Papers:** **"Teaching problem solving through cooperative grouping. Part 1: Group versus individual problem solving", Heller, Keith, & Anderson 1992; "Teaching problem solving through cooperative grouping. Part 2: Designing problems and structuring groups", Heller & Hollabaugh, 1992

Presenter: Shanna Shaked

**What are we trying to teach with group problem solving?**

The availability of group resources allows teachers to assign more difficult problems that probe deeper levels of knowledge. These are not the sort of problems typically found in textbook problems, which can typically be solved through simple equation manipulation.

**How can we encourage the use of prescribed problem-solving techniques?**

Put difficult, context-rich problems on the exams for which the techniques taught in class will be useful.

**Does Mastering Physics work?**

It works well for teaching the equations and getting students used to manipulating variables. It also contains videos that provide background context for the use of equations/concepts. Would Sapling Learning be better? It's not attached to a textbook, and the problems are designed by physics education researchers.

**Strategies for teaching problem solving:**

1) ask for a "guess" at the answer before applying equations (to stress the conceptual nature of the problem).

2) FIND, KNOW, PLAN, CALC, CHECK (Shanna's method)

3) Design a flow-chart to explain problem-solving strategies to students

4) Design worksheets for students that encourage each step of the process

Students often do not respond well to this - many feel that they can just plug in the numbers they see in the problem and go from there. Should students start in groups so that they have to get used to justifying their methods, then try individual problem-solving?

**Why do we teach problem-solving in groups?**

Groups were able to solve higher-order problems correctly more often than individuals, even the highest-performing students in a class. Groups containing high, middle, and low performing students works the best. High ability students provide leadership while middle and low performing students ask questions that usually lead to the correct solution.

Students were trained to problem-solve in groups did better as individuals than students who were trained to problem-solve individually.

The magic number for groups is 3 students - one high, one middle, and one low performing student. It should be homogeneous in gender or 2 females and 1 male.

**OK, so let's get this going at UCLA. How do we get the students' buy-in?**

Try having part of the exams be done in groups. Students will then be motivated to practice working in groups in order to do well on their exams. To cut down on inter-group conflict, have the students report on how well their group functioned, and identify ways they can increase their group performance.

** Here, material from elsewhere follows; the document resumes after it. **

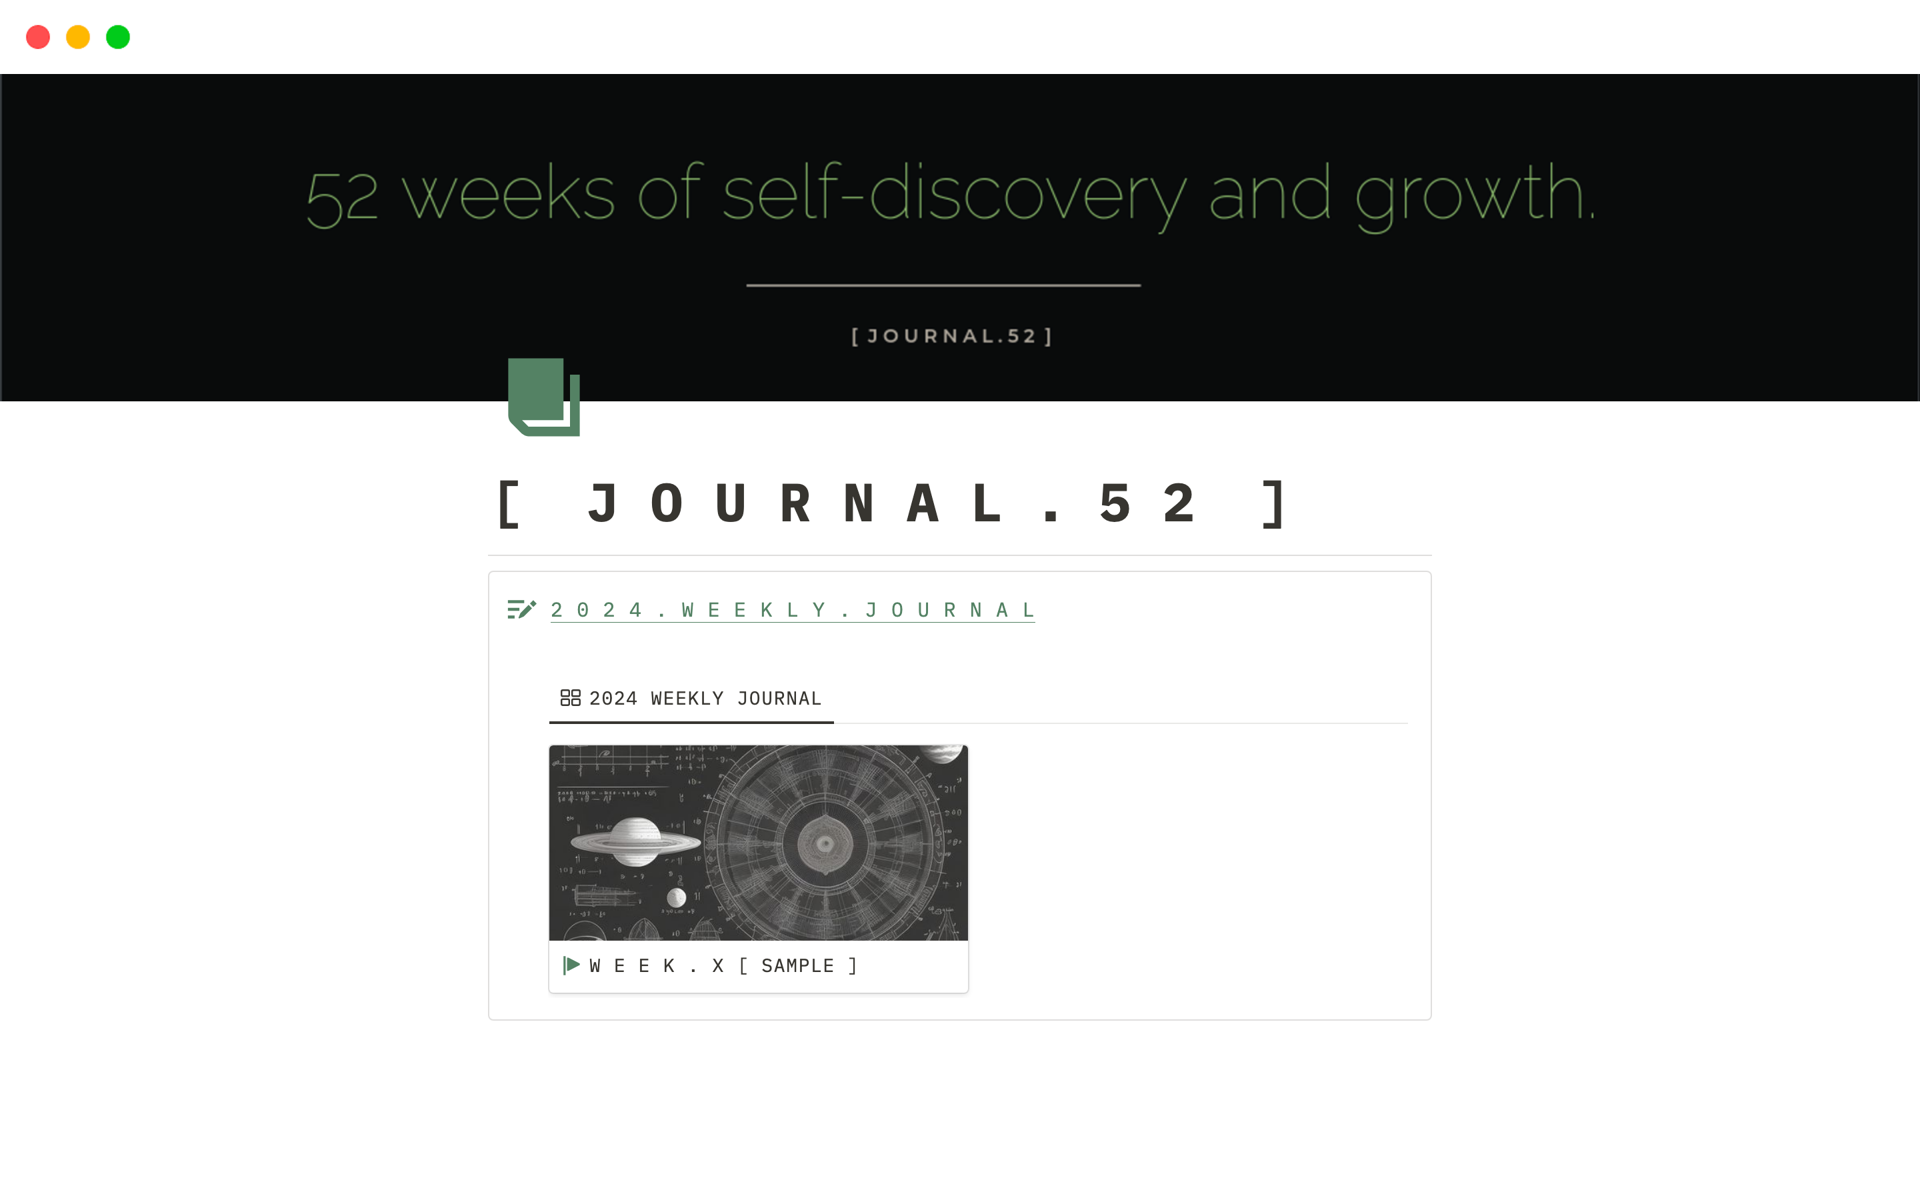 JOURNAL 52 is a minimal 52-week journal. Each week is a new entry/page. You can choose to append to the page daily, bi-weekly, once a week or whatever, you choose your schedule.
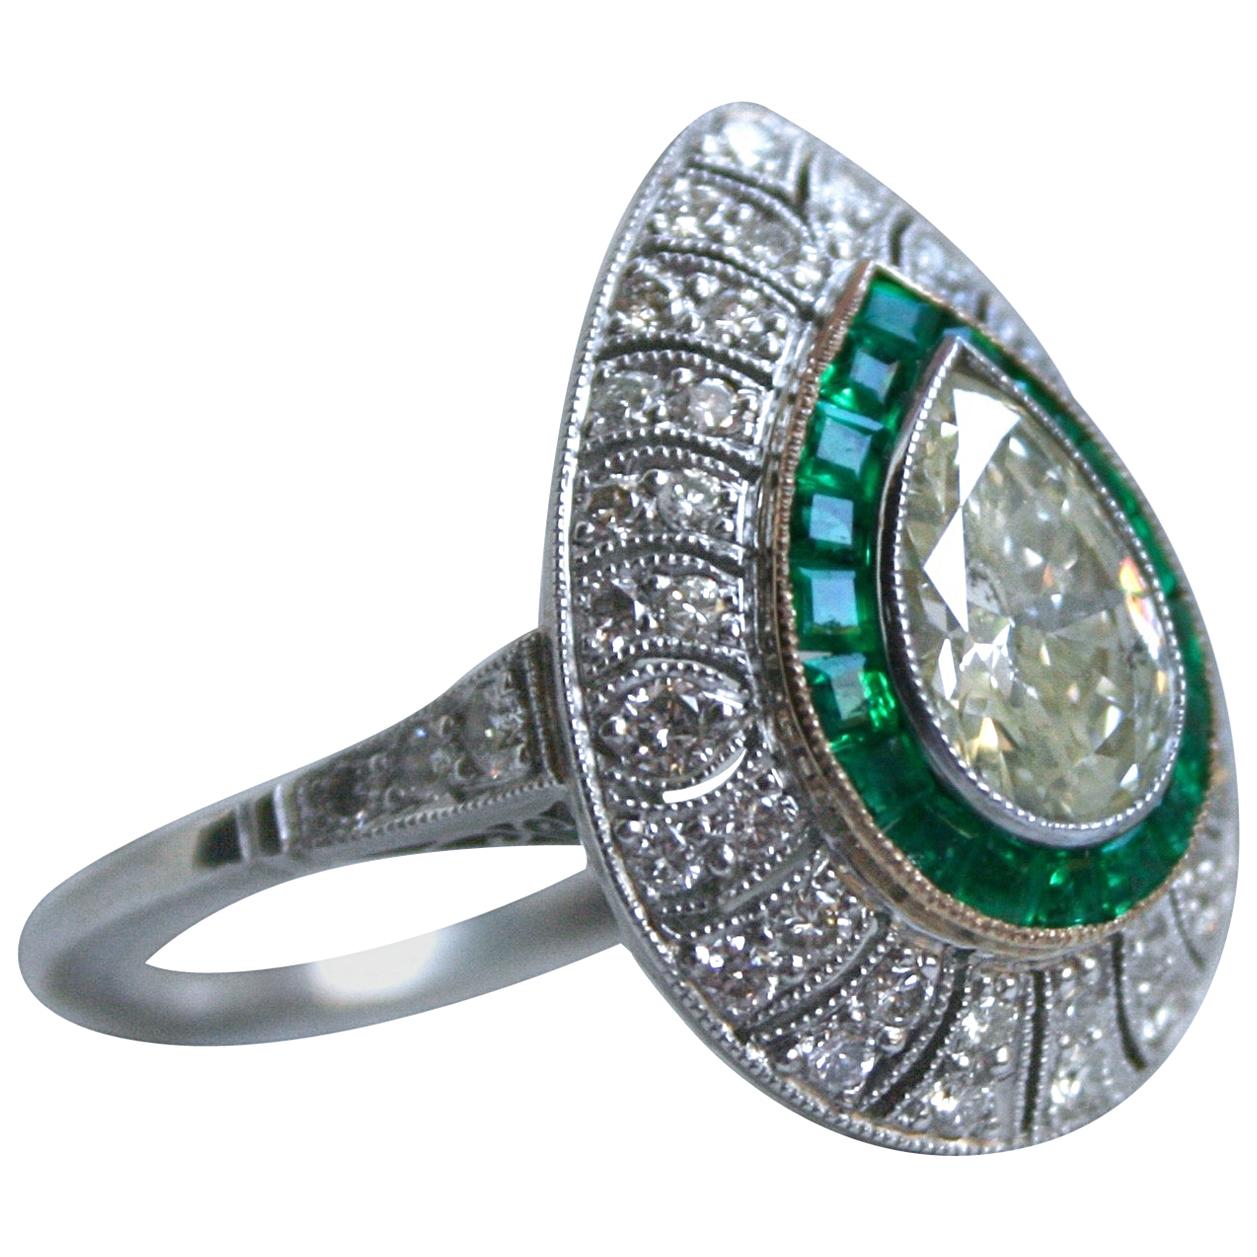 Pear Cut Diamond and Emerald Halo Ring Engagement Ring in Platinum, 2.45 Carat

**Make group-work part of the classroom culture!** Does it really matter if students are enjoying themselves, or are we only concerned with the way they are learning? If you are trying something you think students won't like, make discussion sections mandatory to encourage them to stick with it, even when it gets difficult.

**What if your group member doesn't show up, and you've carefully arranged groups?** Have a practice group session the week before the exam, and if you don't show up to that, you get a 0 on the group portion of the following exam. For the students who prefer individual work, the students can "opt in" to discussion section for various sections of the quarter. That would mean that the students would be committing to coming to discussion sections during that time, and would be penalized for absences. Could you offer an alternative discussion section for students that don't want to do this sort of problem-solving, and just want a traditional discussion section (with students doing individual work).

**What about introverts or people with social anxiety?** Are there people that just don't learn well in groups? How valid are these findings? How can we as physics teachers evaluate the validity/usefulness of physics education research? Maybe all introverts should just learn to deal with the relatively small amount of group learning that has to happen in a college classroom.

**Group roles matter! **Each member of the group should have a well-defined role (preferably with examples of what to say to the group). Roles include: manager, recorder/checker, skeptic, summarizer. Has anyone tried this? Does it feel silly in a college classroom? It might seem silly at first to the students, but it has been shown to work well, even for higher education.

**Classroom structure matters!** Discussion sections work best in classrooms where desks are not nailed to the floor so that the groups can move around. There are only so many classrooms available. How can we get around this?

**How can you be certain that any gains in understand are not due to the introduction of new problem-solving techniques, or to the use of group-work in discussion sections?** No studies have been done to show that group work is better than individual work for college students (that we know of). There has been some research that shows that students understand material better after having discussed it with peers (peer-learning is better).

**Teaching Physics to Life Science Majors**

Are they prepared for physics classes? It varies, but most don't care about the physics, or don't see the value in it. Students are most motivated by the grade in the class. How can we get them to be motivated by the usefulness of physics in their future careers? Maybe give them context-rich problems that relate to life sciences. Maybe show them an MCAT problem that relies on physics knowledge. Could we use the Physics section of the MCAT as a pre-test to show them why they actually need this class.

In the life sciences at UCLA, 1 in 4 classes are not experimenting with "flipped" classrooms, though the same innovation is not necessarily taking place in the discussion sections.